McCann celebrated her 100th birthday on Feb. 9 with 80 fellow residents and staff members from the North Brunswick Senior Housing building, in addition to her son Robert and granddaughter April.

Although she danced with Jeanne Selby, manager of the building, at her 99th birthday, she enjoyed being serenaded at her most recent party instead.

“She shut me down,” McCann said of April asking her not to move around too much for fear of her safety. “I wanted to get up and dance.”

McCann said the key to a long life is walking. She would walk up flights of steps to her apartment when she was younger, and continues at her age to walk around the apartment building as much as she can. She never smoked, she never drank, she does not take any medication — and she never dyed her hair.
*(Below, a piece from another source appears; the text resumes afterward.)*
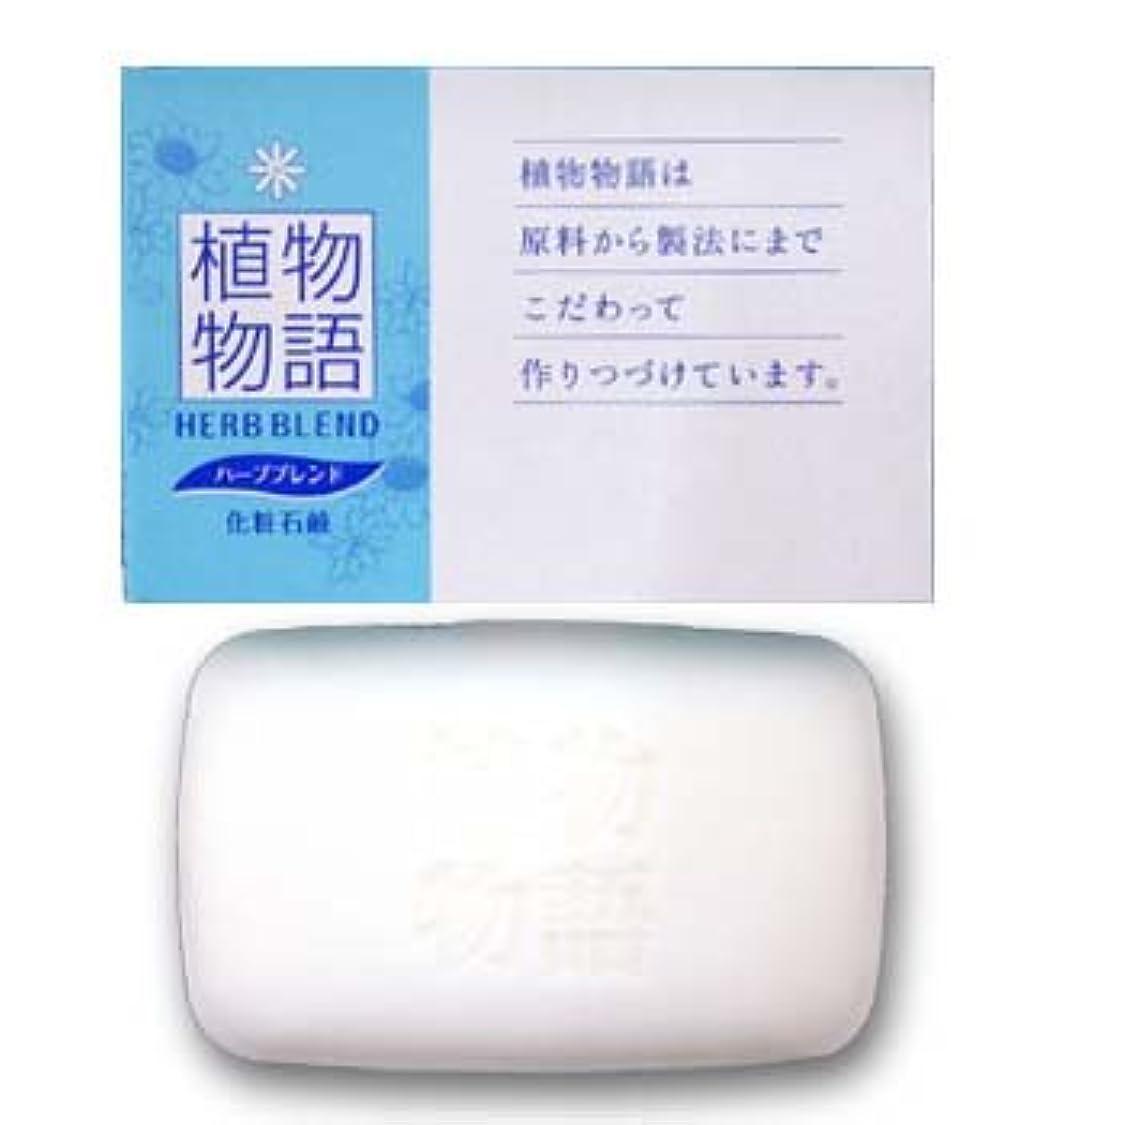 止まるオペレーターヒロイックLION 植物物語石鹸80g化粧箱入(1セット100個入)

She said she has strong lungs, and only remembers having gall bladder surgery.

Although she has fallen a couple times, she said she has not broken any bones because she is made of “good Irish.”

“And it pays to say the Rosary,” she said.

She has also refused to wear hearing aids.

“If they want to talk about me, I won’t know it,” she explained.

McCann still keeps active, has a sense of humor and always smiles.

“My mother always told me my smile was going to get me in trouble,” she laughed. “It’s like a medicine, laughing at everybody.”

She also lives a life of compassion.

“When you see a war veteran outside, give them a dollar,” she said, thinking of her brothers who died during World War II. “Or, when you see a beggar, there’s something wrong.”

McCann noted a recent television segment in which women said they all wanted to live past 100.

“Then you better walk, right?” she advised. “When you live six flights up in a walk-up, that’s healthy.”